Nji Collins Gbah, 17, is the first African winner in Google Code-in, the annual coding competition of Google. He is one of the competition’s 34 grand prize winners. The competition is open to the students between the ages of 13 and 17 from all around the world.

Nji lives in Bamenda, Cameroon. Sadly, he is now living in his cousins’ house in Cameroon’s capital, Yaounde. Wondering why? Because the government has cut off his hometown from the internet.

The internet went dead a day after Google’s Code-in’s final submissions. Talking to BBC, he told that using knowledge gained from his two years of learning programming he tackled the tasks of the contest. Nji completed 20 tasks that covered all 5 categories set by Google.
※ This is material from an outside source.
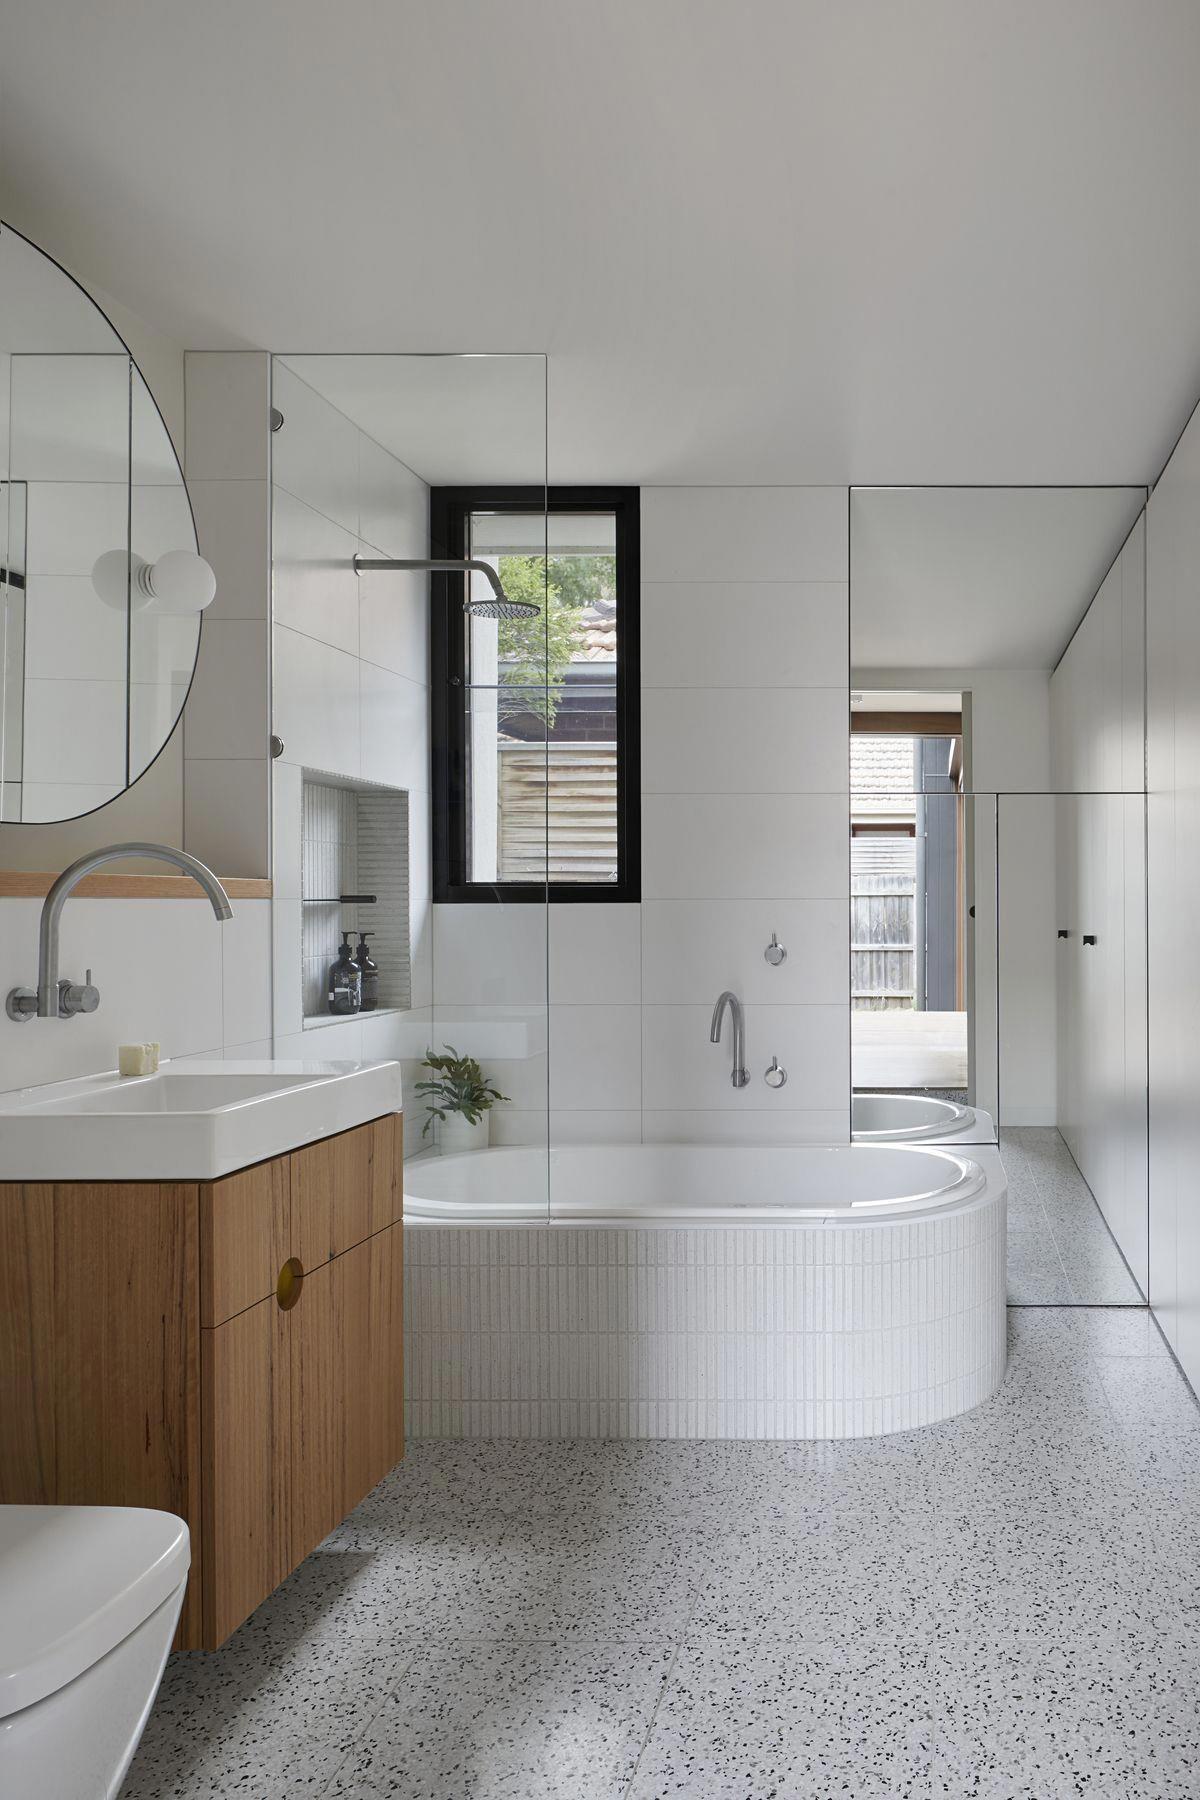 Online Bathroom Design Software Virtual Bathroom Design Software 2016 Downloads Revi Bathroom Design Software Home Design Software Bathroom Design Layout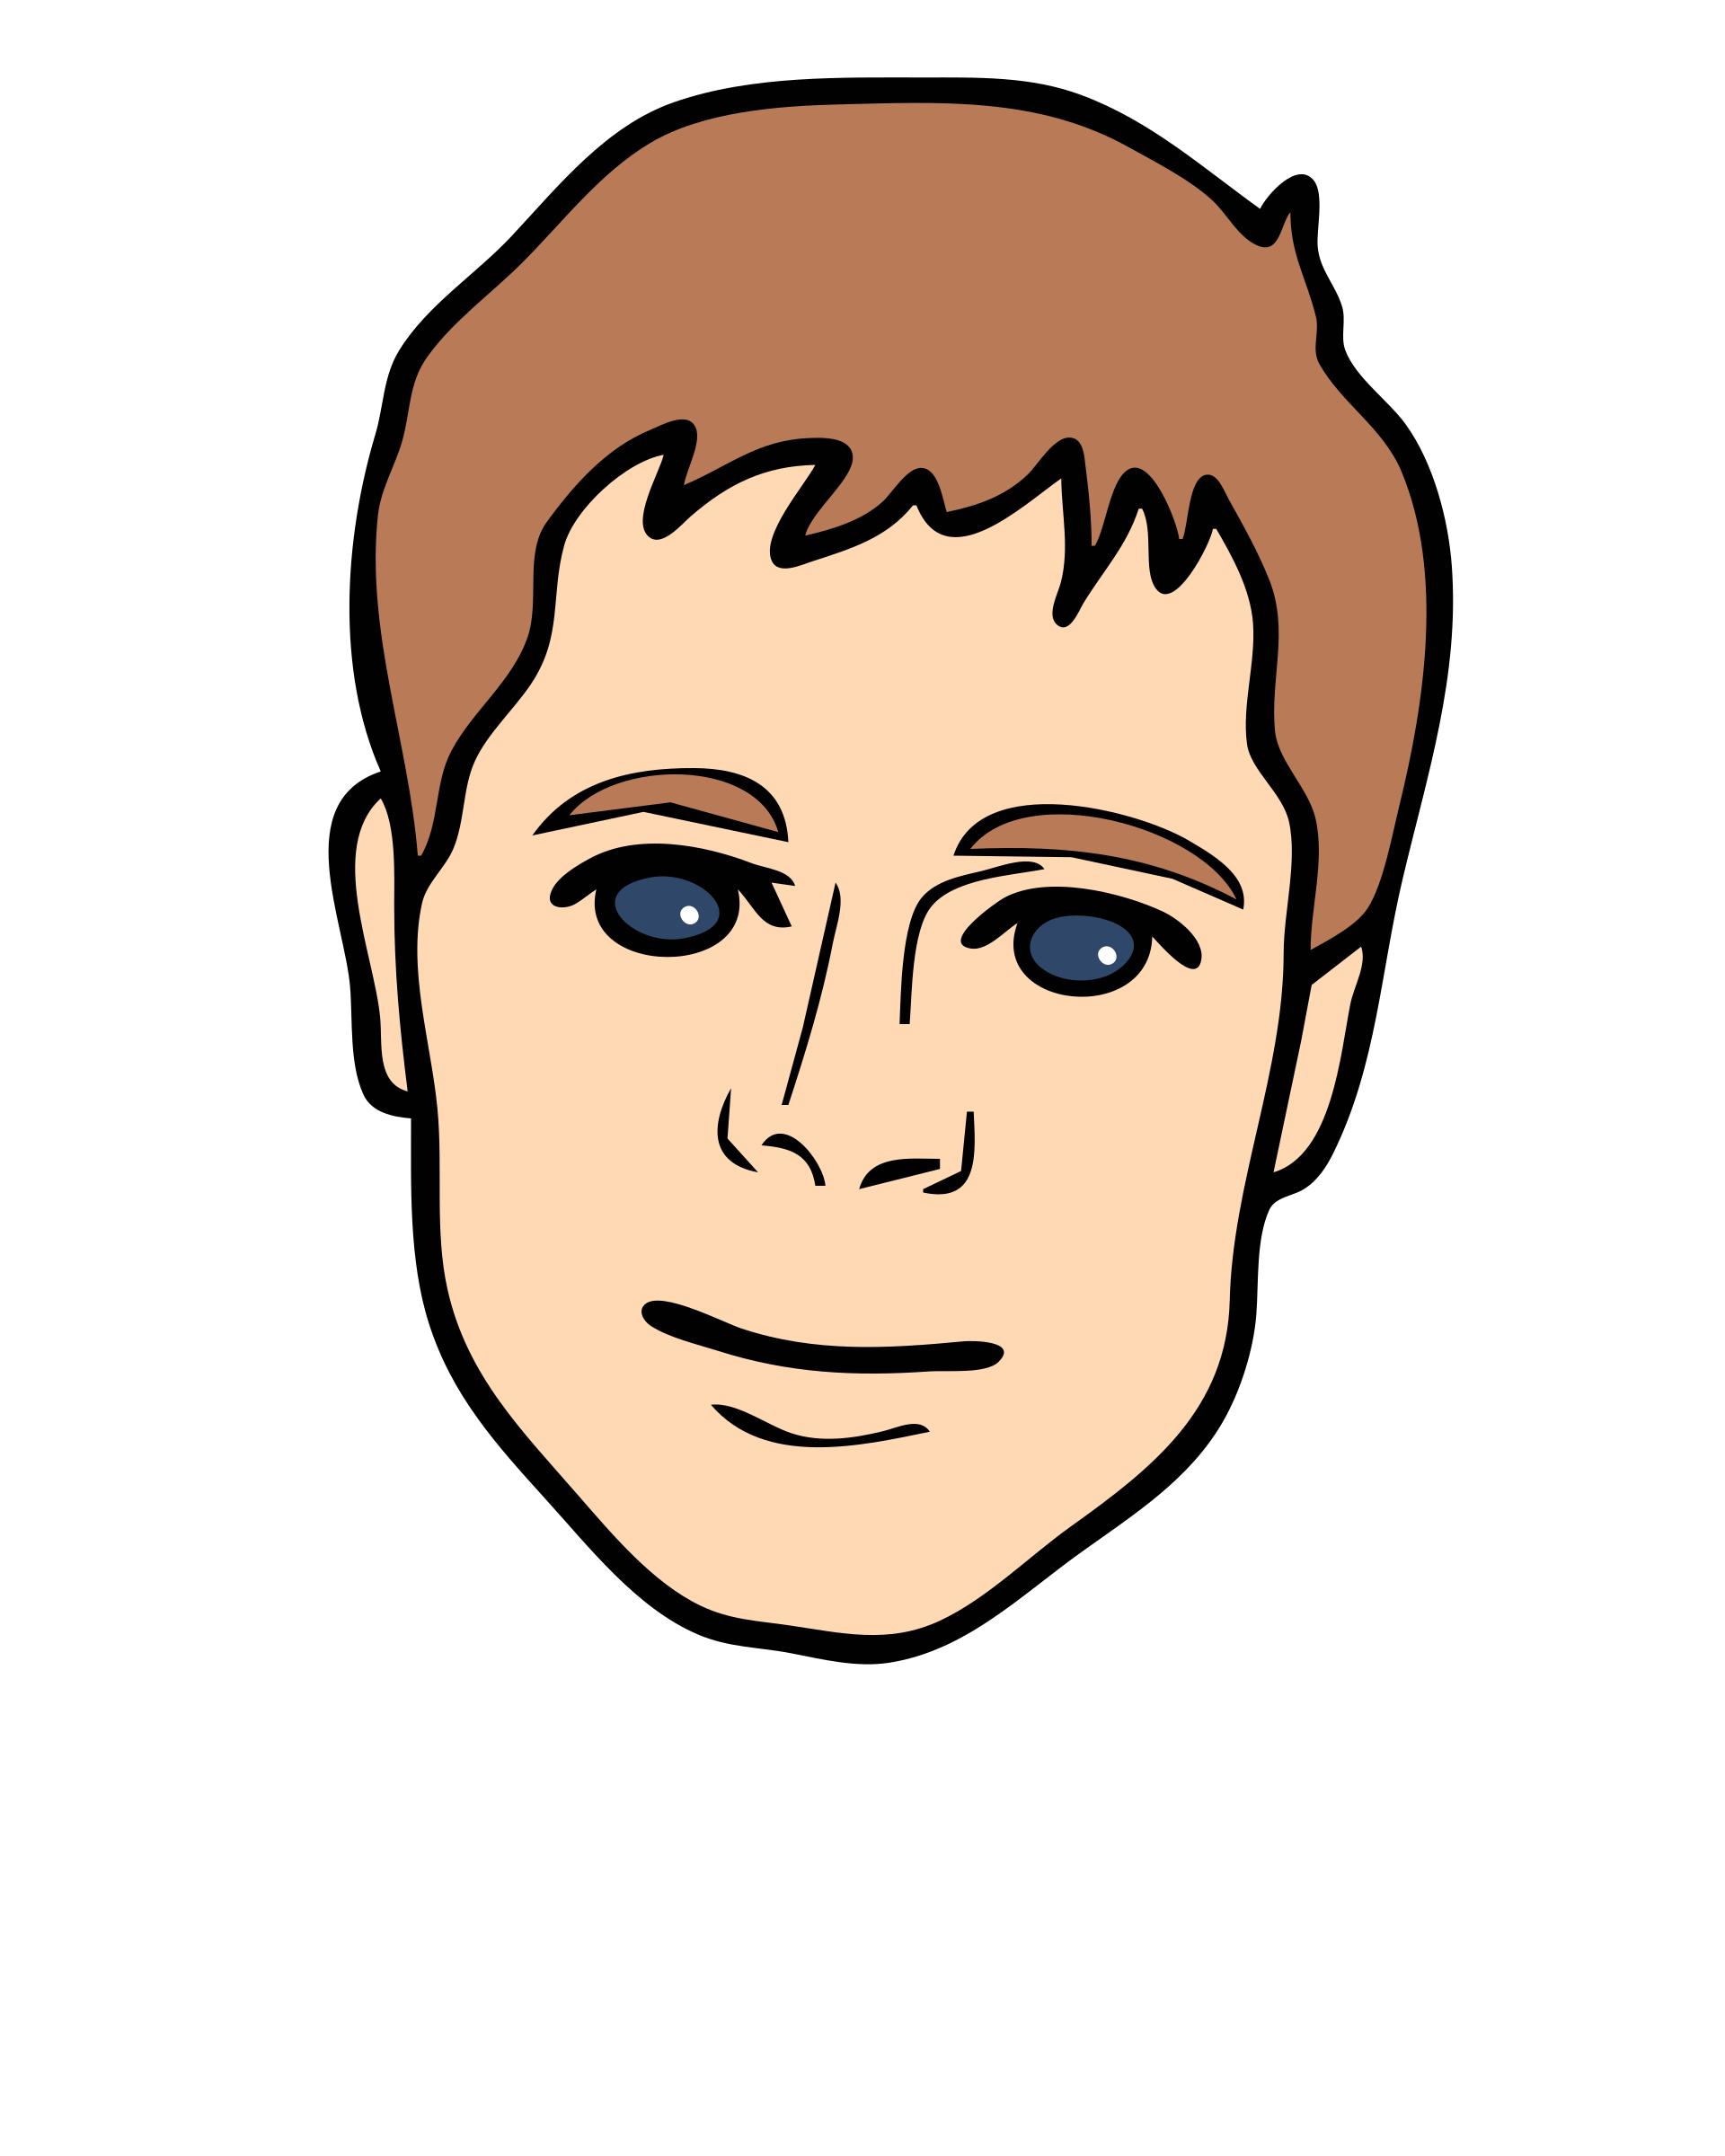 clipart human face - photo #26

“I was really, really amazed,” he says. “It meant my hard work writing a lot of code had really paid off.”

Nji’s hometown is an English-speaking region. There, people have multi-dimensional grievances against the government, including establishment’s failure to respect English’s status as an official language of Cameroon.

In response to the protests, the government authorities responded with arrests and warnings people of jail terms for “malicious use of social media.” In the recent times, there were increased incidents of street protests and strikes by teachers and lawyers.

The right activists are seeing cutting off the internet as punishment and a way to curb dissent.

Talking about the dead internet, Nji says, “I wanted to get a connection so I could continue studying and keep in touch with Google.” He hopes to finish his school in Bamenda and study computer science at some good university.

Nji will get to spend 4 days at Google’s Silicon Valley headquarters. “Hopefully I would like to work there one day, if that is possible,” he says.